Si on n'y est pas encore arrivé optimalement aujourd'hui c'est que les partis politiques substituent leur volonté à la volonté populaire. Depuis toujours ce sont les partis dominants qui ont décidé pour le peuple. Ils ont décidé que deux partis c'est assez; que les deux nécessaires sont ceux déjà en place; que le peuple peut participer indirectement mais ne doit pas décider; que les gouvernements artificiellement surpuissants, c'est bon; que les oppositions artificiellement faibles, c'est bien; que le peuple ne veut pas de gouvernements minoritaires (même si neuf sur dix de nos gouvernements n'ont l'appui que d'une minorité populaire); que la fonction de député c'est une affaire de mâles; que les députés doivent soumission à leurs partis et non pas à leurs électeurs, etc., etc.
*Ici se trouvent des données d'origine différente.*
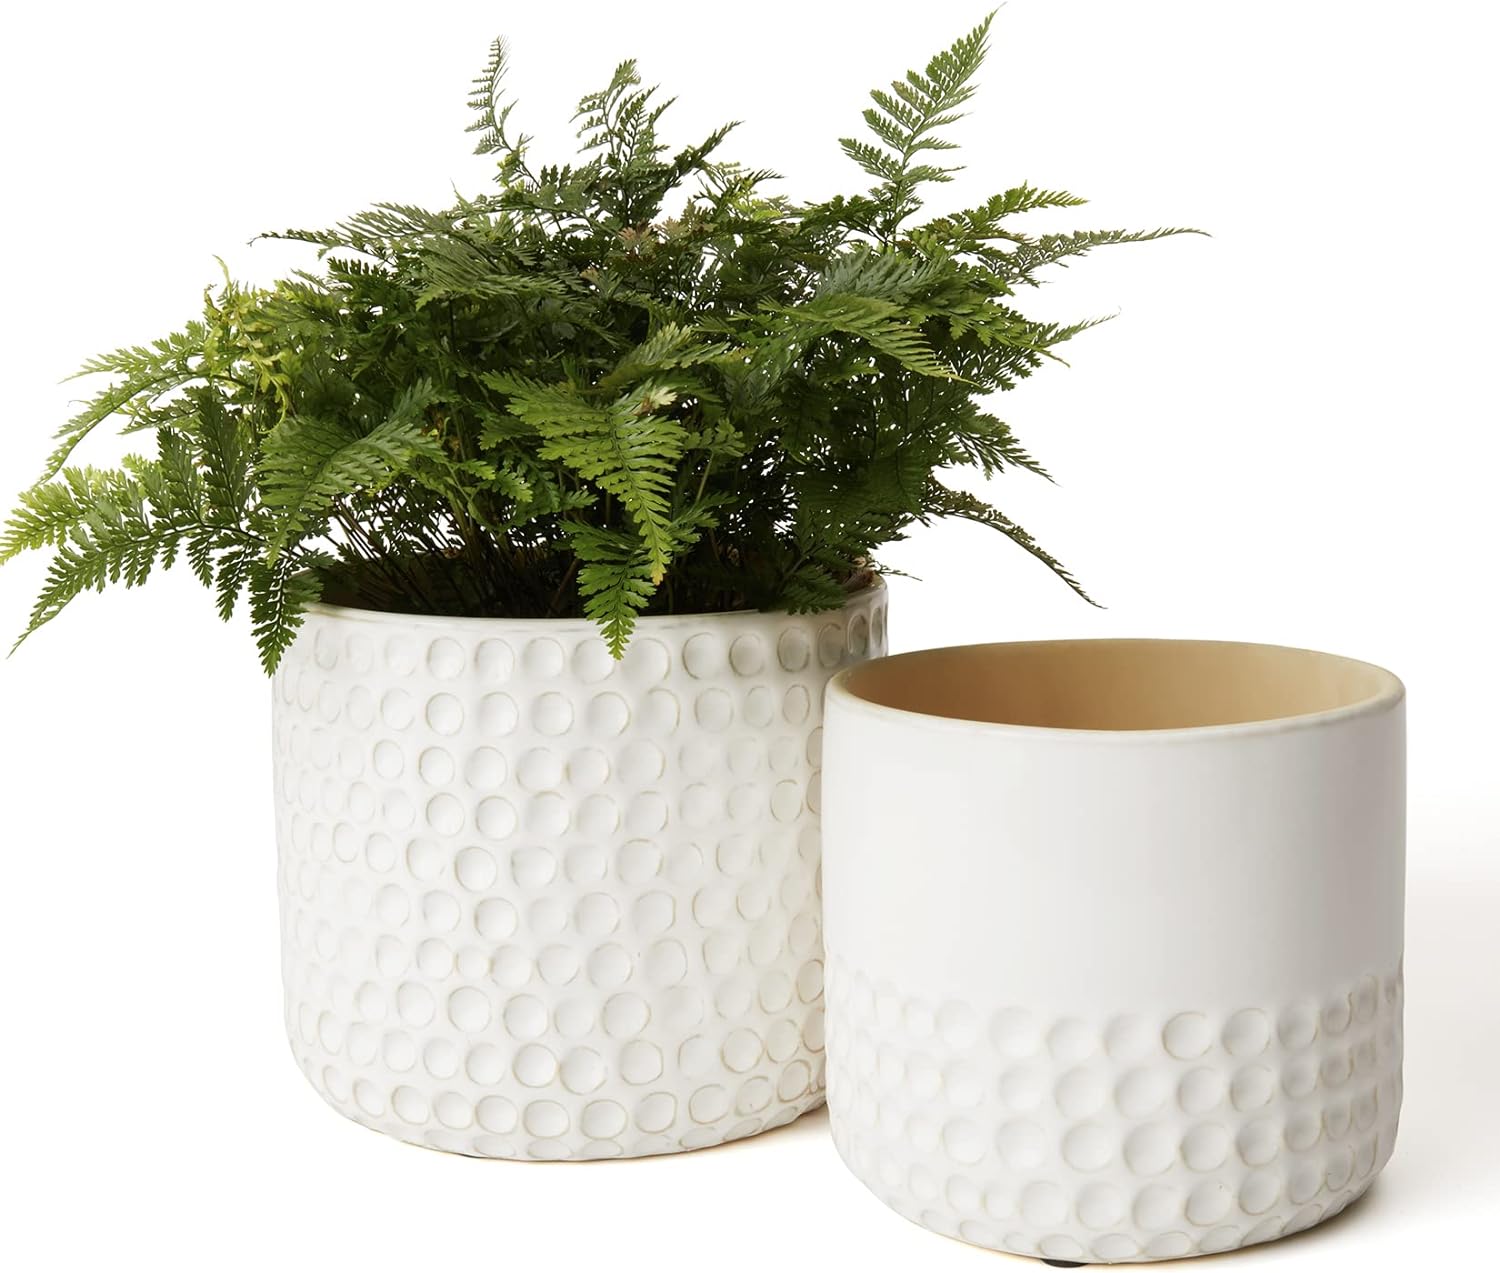 I ordered these pots to go on my bookshelf and they are perfect. The larger pot did come broken. I contacted customer service and they immediately sent me a replacement. Great customer service and great product.

Tout le monde sait que le référendum de 1995 s'est terminé par 50,6 % pour le NON et 49,4 % pour le OUI. Beaucoup moins savent que le camp du OUI avait remporté 80 des 125 circonscriptions : celui du NON 45 : soit une «victoire» du OUI par 66 % contre 34 % ! Le premier résultat constitue l'enregistrement direct d'une décision populaire. Le second est un arrangement mathématique fallacieux produit par un mode de scrutin antidémocratique. Réformer le mode de scrutin, cela signifie en tout premier lieu s'axer sur l'intégrité de la décision populaire. Dans un système où déjà le gouvernement n'est pas élu directement par le peuple, il est primordial que l'Assemblée nationale, tout au moins, corresponde à la décision du peuple.
Conserver la volonté populaire
Le premier résultat absolu d'une vraie réforme du mode de scrutin doit donc être de consacrer cette volonté populaire. Comme nous le faisons déjà pour les référendums, chaque vote doit compter, chaque vote doit compter également, la décision populaire -- même avec des marges très minces -- doit être respectée. Le référendum, cela se fait «à la proportionnelle». 59,6 %, 49,4 %, ce sont des proportions !
Personne n'accepterait qu'une décision référendaire se prenne autrement. Pourquoi accepterait-on que nos gouvernements soient érigés à partir d'une déformation de la volonté populaire ? Or c'est présentement la règle.
Le mode de scrutin actuel permet aux partis dominants non seulement de contrôler les règles du jeu mais même, en toute apparente bonne foi, de déterminer les objectifs poursuivis. Il devrait appartenir aux électeurs de décider de la stabilité du gouvernement, de la nécessité ou non d'un gouvernement de coalition, de la facilité pour le gouvernement de décider avec beaucoup ou peu d'opposition. Or, présentement, les partis ont érigé la stabilité en dogme, les coalitions en repoussoirs, l'omnipotence gouvernementale en vertu.
La stabilité du gouvernement est érigée en mythe. C'est pourtant la stabilité de la société qui est essentielle. Il se peut que le peuple souhaite des gouvernements prolongés ou un parti gouvernemental unique comme à Ottawa présentement. Il se peut tout autant que le peuple souhaite des gouvernements talonnés de près par une opposition forte. C'est à lui d'en décider. Il n'appartient pas aux partis déjà en place de fignoler des règles pour contorsionner la décision populaire de façon à assurer leur propre stabilité.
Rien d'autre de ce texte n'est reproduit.